My pulseaudio stopped working

I thought I had hackers (I wasn’t wrong), and I saw that one of them was using pipewire, including piewire pulseaudio, andI surmised that pipwire is used for spying on other people (am I wrong?). So I removed pipwire from my system and installed all pulseaudio programs that dnf could find.

That’s when my real problem started. I am just flinging away at ghosts without any real knowledge of what is being done.

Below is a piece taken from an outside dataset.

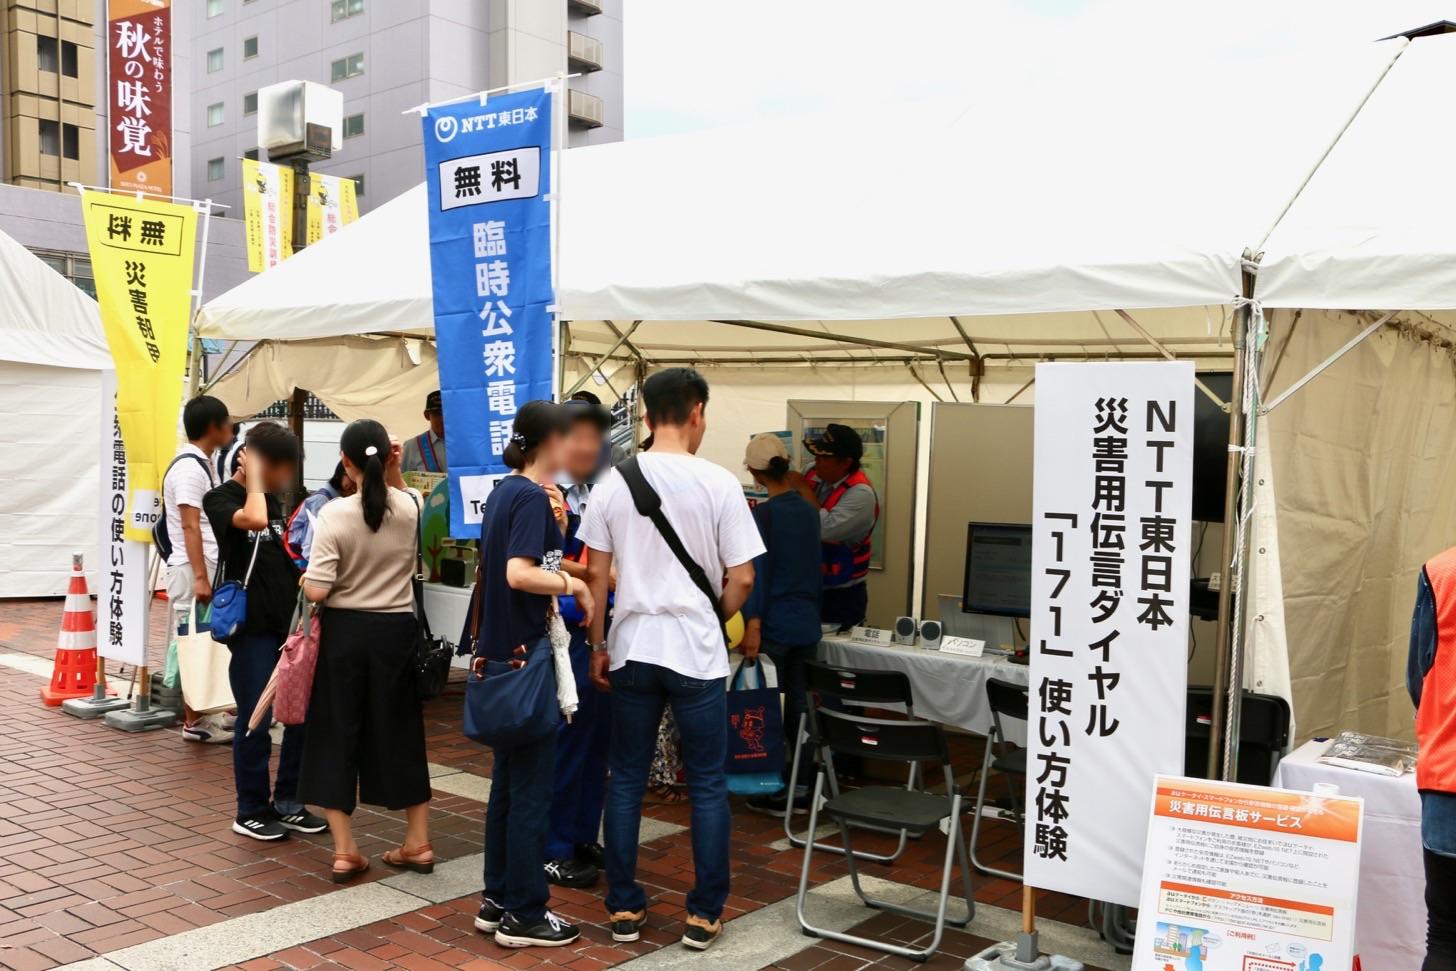 NTT東日本 災害伝言ダイヤル「171」使い方体験

What I wonder is, to get my audio (pulseaudio) working, what would be the necessary programs to get via dnf, and what programs could be blocking my pulseaudio sound now? I may not be the brightest bulb on the block, but I am very determined. The hackers, which are undeniably real, seem to let me do my own thing sometimes, not others. I think I brought this audio problem on myself, but I still would like to know how to get it started again.

Any advice? I don’t need remonstrances, I know I may have done the wrong things. But is there any recourse other than installing Fedora 35 all over again, from scratch?

Bryan Zimmer

Pipewire replaced pulseaudio since Fedora 34 and you would need to reinstall it. You could try installing it again by typing in dnf install pipewire pipewire-pulseaudio as a start and see if that fixes your issues. I don’t think hackers are trying to get you because pipewire is part of the Fedora installation.

I doubt you are right about software that can be misused by hackers just because it is in a Fedora installation. I’ve seen numerous pieces of software (including "xen, Krdc, libvirt and numerous other misused and therefore able to be used as spyware.They do their evil deeds using MY username/password because early on they installed a program they reads the keypresses and transmits them to themselves. So, my passwords, gpg keys, etc. are not sacred. They just destroy whatever they don’t like, including my “safe” gpg keys; that was the real killer - there is no way to keep ANYTHING private.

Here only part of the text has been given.